What is required:
Copy verbatim the block of lines in the entries below whose first line contains "1. Remove the jack container lid." and whose last line contains "A Month Of Sundays". Leave out all other lines.

Stored data:
==============================

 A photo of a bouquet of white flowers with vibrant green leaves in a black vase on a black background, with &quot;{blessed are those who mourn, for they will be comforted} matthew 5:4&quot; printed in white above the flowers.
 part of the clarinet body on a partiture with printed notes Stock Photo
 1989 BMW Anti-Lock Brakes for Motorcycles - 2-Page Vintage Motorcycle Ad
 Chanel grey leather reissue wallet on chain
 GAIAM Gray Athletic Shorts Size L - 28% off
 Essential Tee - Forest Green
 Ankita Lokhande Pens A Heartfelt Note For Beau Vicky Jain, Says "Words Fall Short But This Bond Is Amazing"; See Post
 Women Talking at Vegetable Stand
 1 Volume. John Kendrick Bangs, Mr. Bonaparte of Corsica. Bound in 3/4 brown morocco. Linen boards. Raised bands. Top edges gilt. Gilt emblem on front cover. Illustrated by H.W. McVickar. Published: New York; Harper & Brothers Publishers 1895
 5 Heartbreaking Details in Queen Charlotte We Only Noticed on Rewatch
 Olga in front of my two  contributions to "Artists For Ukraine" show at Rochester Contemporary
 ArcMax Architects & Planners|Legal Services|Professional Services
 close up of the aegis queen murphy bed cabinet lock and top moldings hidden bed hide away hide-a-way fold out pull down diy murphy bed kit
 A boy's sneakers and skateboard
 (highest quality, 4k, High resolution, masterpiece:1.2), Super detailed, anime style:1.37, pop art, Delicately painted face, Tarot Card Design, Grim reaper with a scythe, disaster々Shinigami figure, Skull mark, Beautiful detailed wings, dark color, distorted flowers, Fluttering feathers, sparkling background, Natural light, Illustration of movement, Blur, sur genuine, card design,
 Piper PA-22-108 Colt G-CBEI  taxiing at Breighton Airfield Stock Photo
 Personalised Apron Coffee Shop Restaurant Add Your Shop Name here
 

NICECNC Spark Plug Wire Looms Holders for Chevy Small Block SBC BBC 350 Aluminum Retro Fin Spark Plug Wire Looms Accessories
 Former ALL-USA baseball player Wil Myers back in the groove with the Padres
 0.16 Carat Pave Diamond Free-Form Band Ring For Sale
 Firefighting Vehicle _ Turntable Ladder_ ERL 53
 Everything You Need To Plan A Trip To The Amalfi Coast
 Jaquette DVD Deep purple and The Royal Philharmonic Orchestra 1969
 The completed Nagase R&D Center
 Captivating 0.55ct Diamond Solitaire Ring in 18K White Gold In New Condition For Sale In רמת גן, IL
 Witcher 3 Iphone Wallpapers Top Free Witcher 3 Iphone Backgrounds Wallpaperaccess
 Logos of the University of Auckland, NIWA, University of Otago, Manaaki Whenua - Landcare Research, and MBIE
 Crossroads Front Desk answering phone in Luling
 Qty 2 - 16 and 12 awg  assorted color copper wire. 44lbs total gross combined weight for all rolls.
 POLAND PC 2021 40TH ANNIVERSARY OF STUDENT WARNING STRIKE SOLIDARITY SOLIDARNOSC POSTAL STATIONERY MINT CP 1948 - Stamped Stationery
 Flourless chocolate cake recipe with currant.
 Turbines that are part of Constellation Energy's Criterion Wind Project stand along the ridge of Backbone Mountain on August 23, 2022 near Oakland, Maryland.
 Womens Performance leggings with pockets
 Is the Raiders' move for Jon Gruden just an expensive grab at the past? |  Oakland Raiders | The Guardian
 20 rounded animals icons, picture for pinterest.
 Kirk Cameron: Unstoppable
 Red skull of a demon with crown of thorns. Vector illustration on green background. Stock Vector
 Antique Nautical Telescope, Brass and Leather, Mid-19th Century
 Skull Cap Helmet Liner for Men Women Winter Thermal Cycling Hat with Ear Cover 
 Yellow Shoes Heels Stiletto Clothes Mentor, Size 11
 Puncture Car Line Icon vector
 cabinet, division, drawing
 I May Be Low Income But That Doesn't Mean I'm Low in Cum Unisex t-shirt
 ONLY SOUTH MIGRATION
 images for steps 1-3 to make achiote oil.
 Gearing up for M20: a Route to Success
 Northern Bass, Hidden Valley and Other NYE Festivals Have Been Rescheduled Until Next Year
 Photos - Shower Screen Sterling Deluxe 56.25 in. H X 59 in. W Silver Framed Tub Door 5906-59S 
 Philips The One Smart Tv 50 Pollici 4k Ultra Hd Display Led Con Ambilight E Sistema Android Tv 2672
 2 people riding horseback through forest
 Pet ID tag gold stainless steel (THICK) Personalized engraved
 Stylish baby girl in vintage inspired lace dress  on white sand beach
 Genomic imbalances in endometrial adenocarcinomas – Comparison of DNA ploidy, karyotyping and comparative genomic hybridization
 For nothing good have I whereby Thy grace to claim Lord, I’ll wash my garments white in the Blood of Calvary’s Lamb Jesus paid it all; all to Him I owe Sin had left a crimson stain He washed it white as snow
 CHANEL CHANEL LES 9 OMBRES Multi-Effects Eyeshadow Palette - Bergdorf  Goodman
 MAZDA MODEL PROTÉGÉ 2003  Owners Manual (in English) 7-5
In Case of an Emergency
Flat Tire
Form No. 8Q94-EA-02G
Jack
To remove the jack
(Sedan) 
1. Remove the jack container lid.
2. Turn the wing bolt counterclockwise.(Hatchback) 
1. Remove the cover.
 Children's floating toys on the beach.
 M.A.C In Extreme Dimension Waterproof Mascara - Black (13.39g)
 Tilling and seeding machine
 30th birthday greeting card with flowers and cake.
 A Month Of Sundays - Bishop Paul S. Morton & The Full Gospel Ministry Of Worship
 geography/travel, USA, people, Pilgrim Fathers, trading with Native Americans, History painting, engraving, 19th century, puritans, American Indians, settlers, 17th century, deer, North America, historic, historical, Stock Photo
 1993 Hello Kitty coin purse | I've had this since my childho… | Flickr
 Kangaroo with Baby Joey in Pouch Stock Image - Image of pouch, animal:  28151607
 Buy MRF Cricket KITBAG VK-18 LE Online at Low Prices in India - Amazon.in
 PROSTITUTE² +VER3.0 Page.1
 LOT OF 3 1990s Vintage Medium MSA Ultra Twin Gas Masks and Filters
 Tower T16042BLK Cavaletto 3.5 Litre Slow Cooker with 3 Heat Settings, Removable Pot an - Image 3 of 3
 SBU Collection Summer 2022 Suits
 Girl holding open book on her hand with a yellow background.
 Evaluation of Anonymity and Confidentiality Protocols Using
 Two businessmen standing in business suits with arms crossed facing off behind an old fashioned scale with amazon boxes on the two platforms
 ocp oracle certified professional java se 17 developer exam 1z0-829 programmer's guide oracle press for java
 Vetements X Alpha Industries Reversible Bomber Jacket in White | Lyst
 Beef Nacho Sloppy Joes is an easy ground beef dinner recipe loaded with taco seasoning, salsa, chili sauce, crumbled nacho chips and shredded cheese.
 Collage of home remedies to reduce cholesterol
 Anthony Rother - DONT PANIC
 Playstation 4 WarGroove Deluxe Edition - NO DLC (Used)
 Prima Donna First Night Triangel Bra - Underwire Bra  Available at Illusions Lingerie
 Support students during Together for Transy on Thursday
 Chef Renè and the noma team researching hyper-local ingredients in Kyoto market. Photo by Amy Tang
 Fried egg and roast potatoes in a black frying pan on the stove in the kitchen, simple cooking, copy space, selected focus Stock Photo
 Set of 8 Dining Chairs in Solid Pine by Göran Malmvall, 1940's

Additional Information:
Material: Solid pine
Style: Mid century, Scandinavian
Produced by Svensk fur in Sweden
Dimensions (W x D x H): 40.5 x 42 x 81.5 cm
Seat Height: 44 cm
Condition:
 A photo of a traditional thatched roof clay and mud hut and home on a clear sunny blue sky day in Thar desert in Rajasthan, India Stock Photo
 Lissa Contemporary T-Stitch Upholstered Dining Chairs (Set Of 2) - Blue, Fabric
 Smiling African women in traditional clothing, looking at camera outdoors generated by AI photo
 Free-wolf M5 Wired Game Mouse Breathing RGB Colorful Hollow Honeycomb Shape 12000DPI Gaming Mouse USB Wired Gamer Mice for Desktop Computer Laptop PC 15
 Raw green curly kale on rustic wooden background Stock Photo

==============================

Finished exercise:
1. Remove the jack container lid.
2. Turn the wing bolt counterclockwise.(Hatchback) 
1. Remove the cover.
 Children's floating toys on the beach.
 M.A.C In Extreme Dimension Waterproof Mascara - Black (13.39g)
 Tilling and seeding machine
 30th birthday greeting card with flowers and cake.
 A Month Of Sundays - Bishop Paul S. Morton & The Full Gospel Ministry Of Worship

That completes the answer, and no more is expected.